Should the new treaty of Lisbon which was signed in December 2007 in the Portuguese capital be ratified this year by all 27 EU members by 1st January 2009 a permanent “EU president” will replace the rotating presidency. So far, every half a year one EU member state assumes the presidency of the Council of the European Union (EU).
The person holding the new office will be appointed by the European Council for a term of 30 months, with the possibility of a second term.
More than any politician King Simeon II of the Bulgarians would be qualified to hold this office.
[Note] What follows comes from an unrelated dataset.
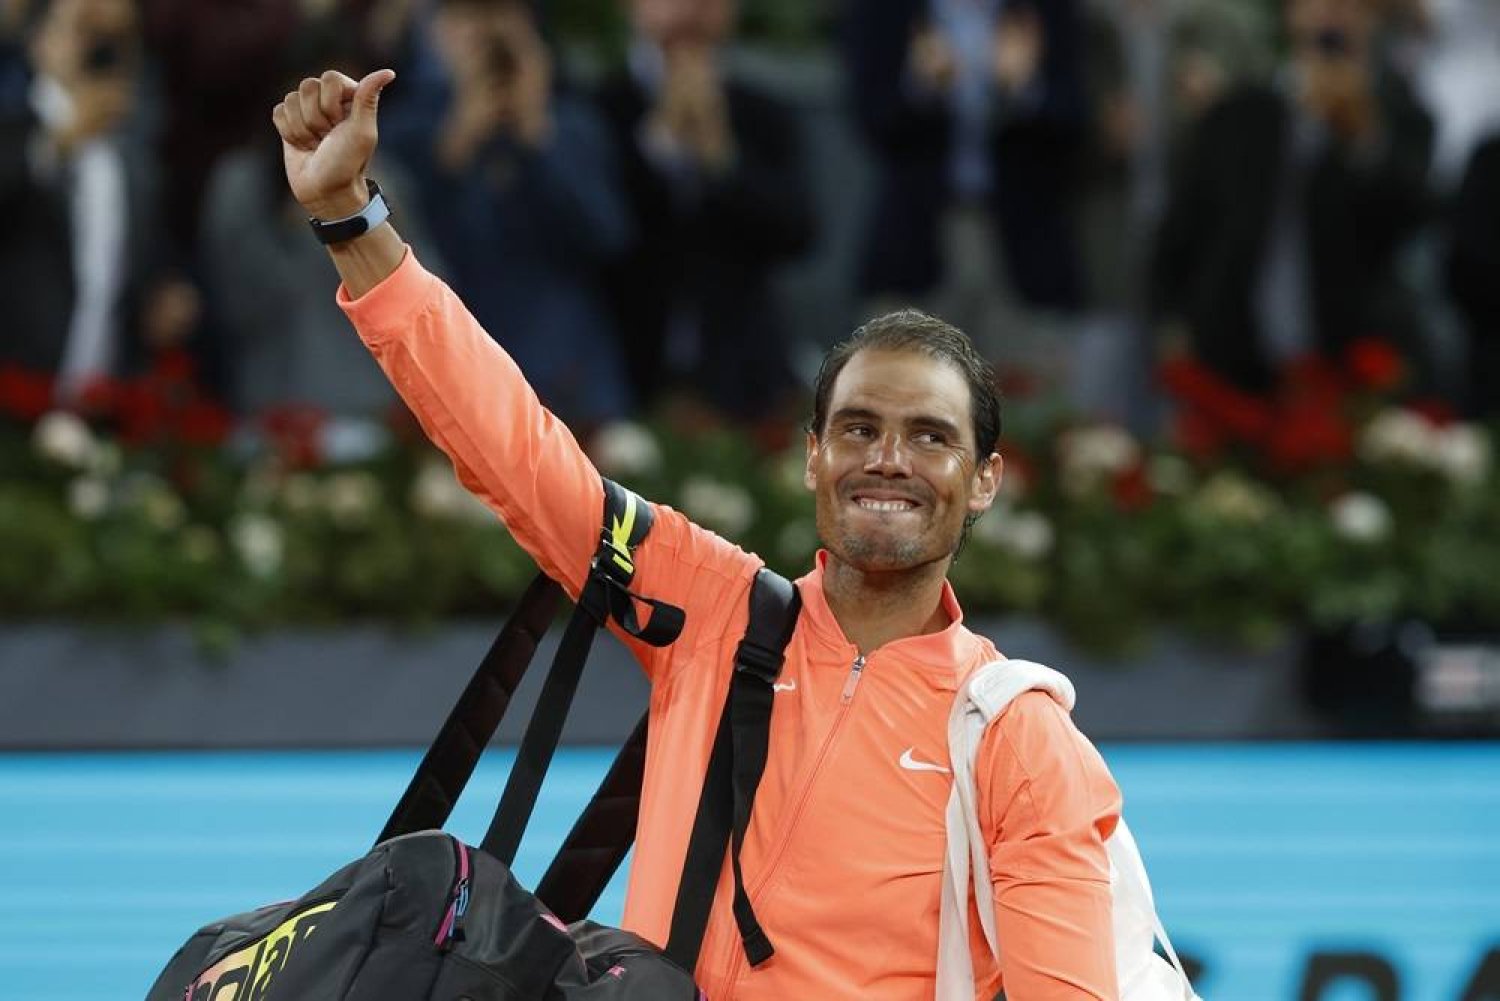 Spanish tennis player Rafa Nadal reacts after his round of 16 match against Jiri Lehecka of Czech Republic at the Madrid Open tennis tournament in Madrid, Spain, 30 April 2024. (EPA)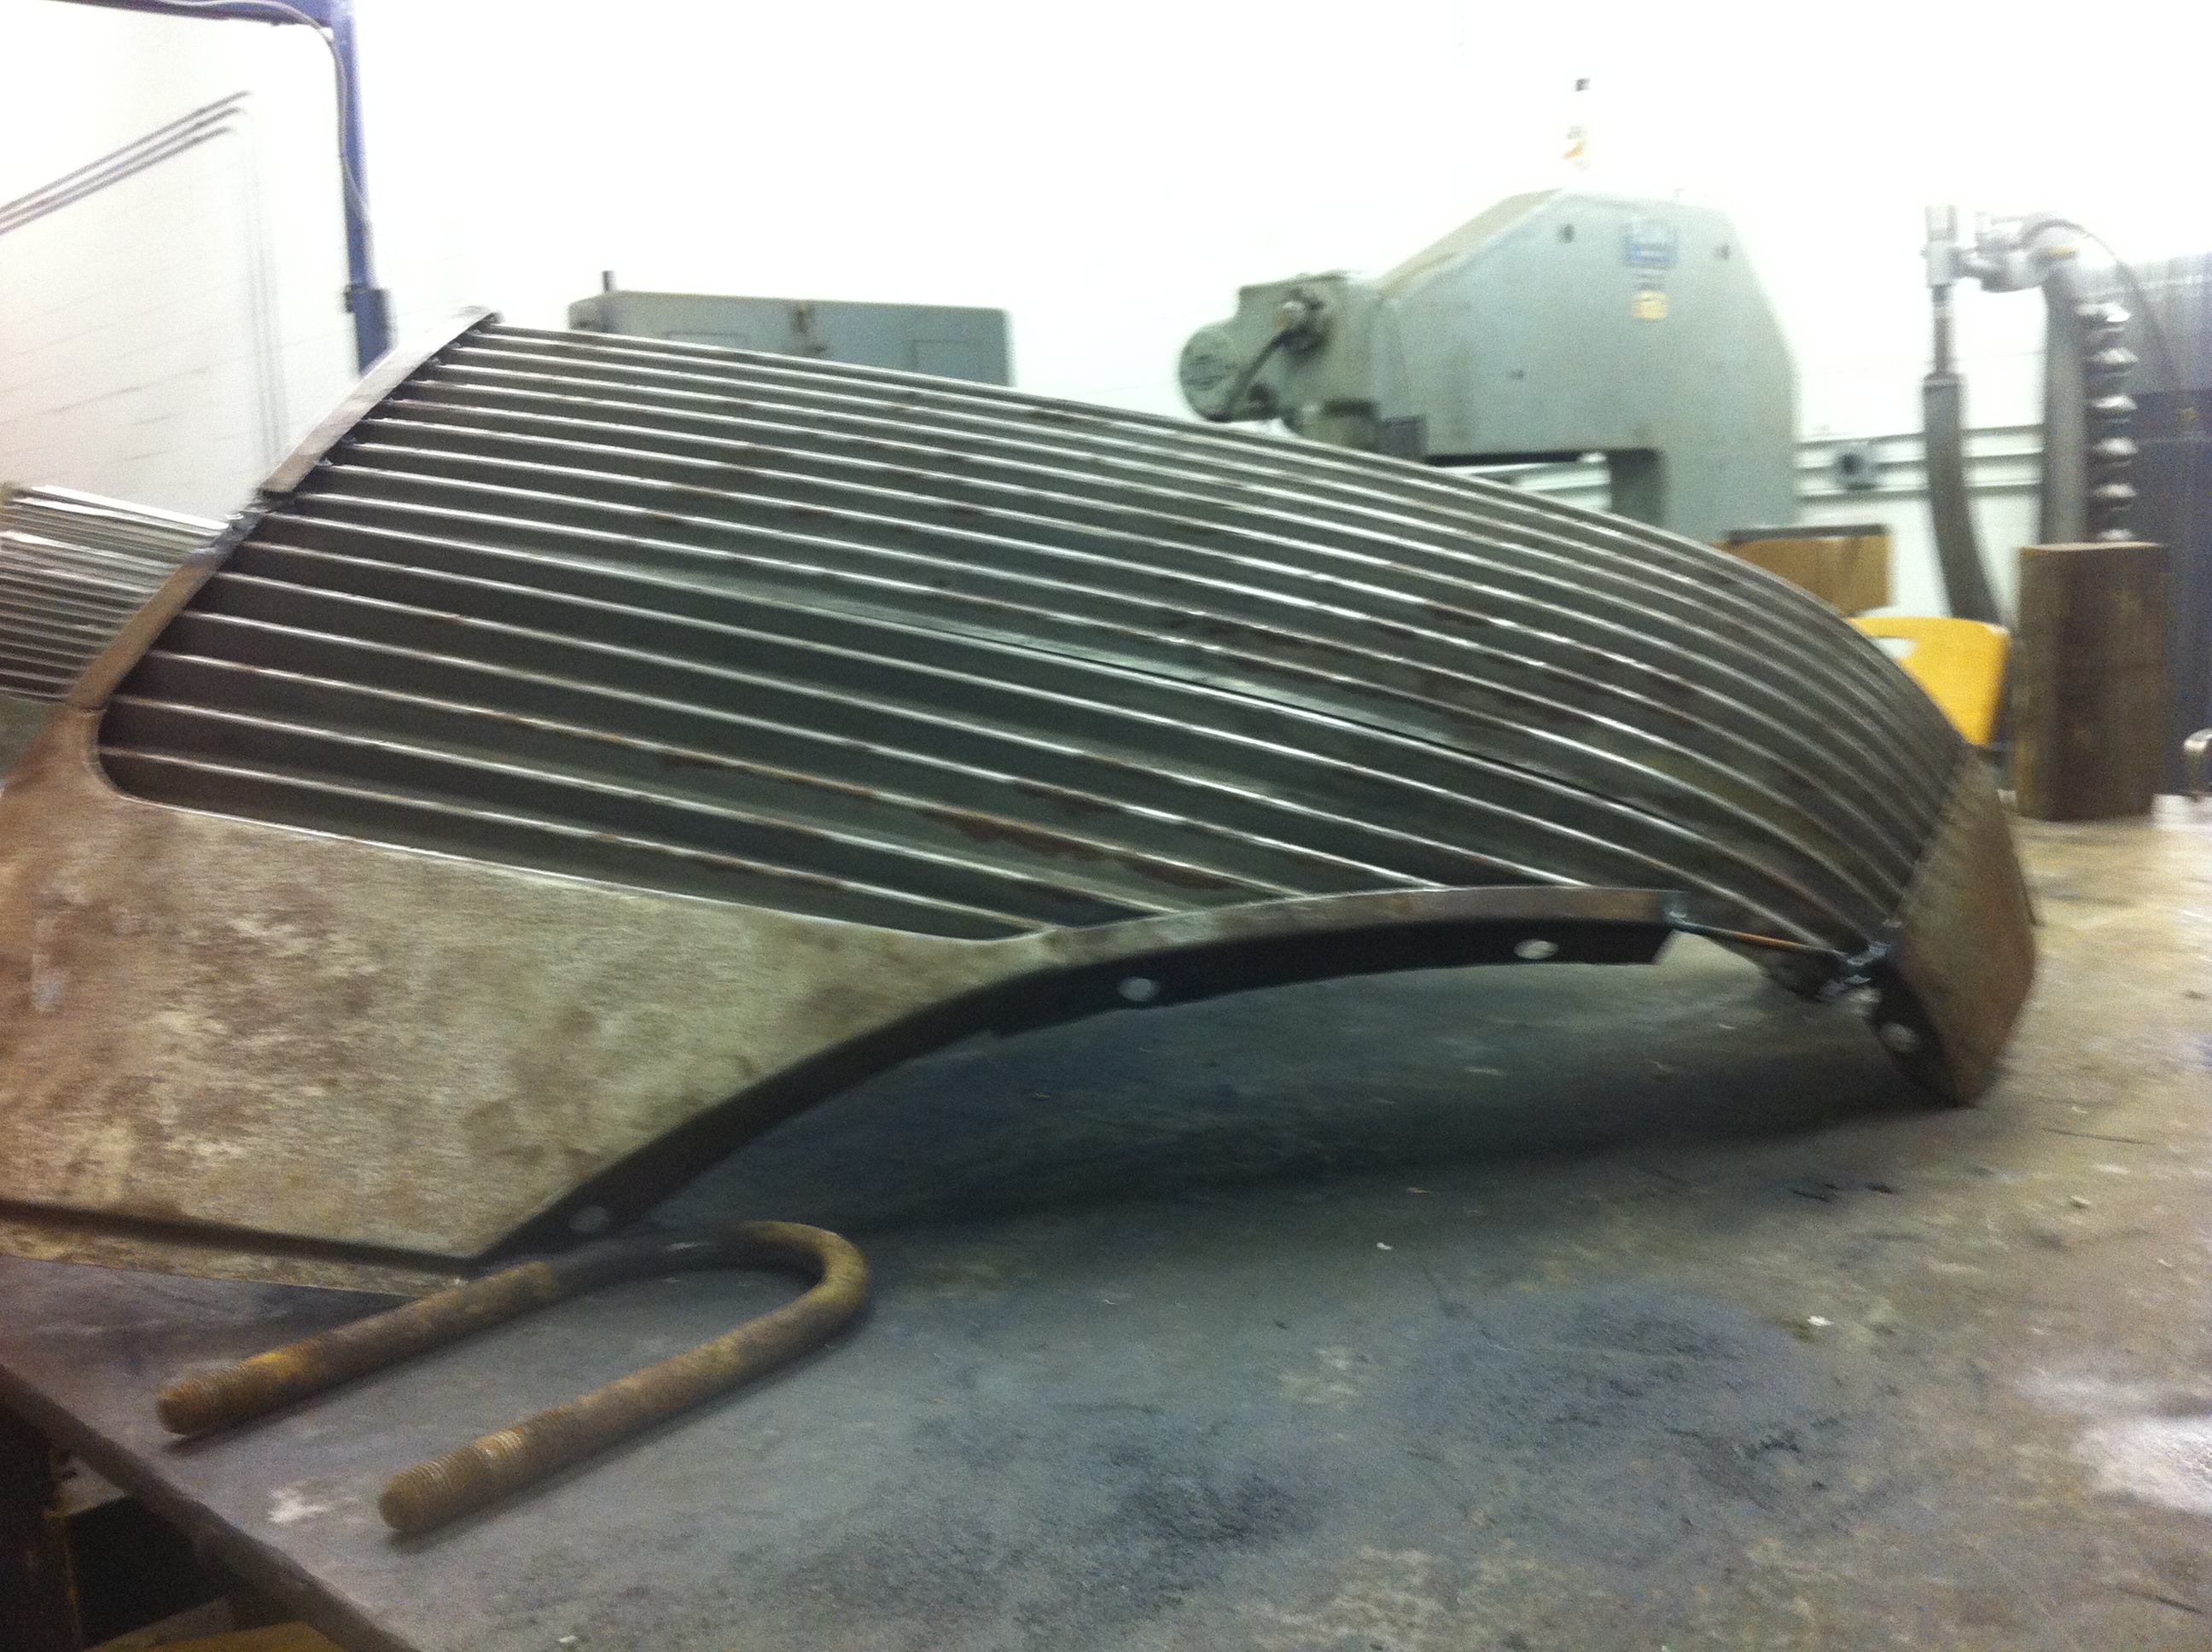 Grill for 1936 Ford Roadster

As a member of the House of Saxe-Coburg he is related to all European Royal Houses, he speaks seven languages fluently, is above party lines and had experienced the political bargaining business when he was Bulgarian Prime Minister.
Above all: The King’s candidacy could be the only way to prevent the EU going irreversibly the republican way.
The Treaty of Lisbon is essentially a constitution for a "country" called Europe, although the EU Constitution was rejected by French and Dutch voters in 2005. Despite these facts British Prime Minister Gordon Brown, insisted that the Treaty of Lisbon was shorn of all constitutional content and that it preserved key aspects of British sovereignty.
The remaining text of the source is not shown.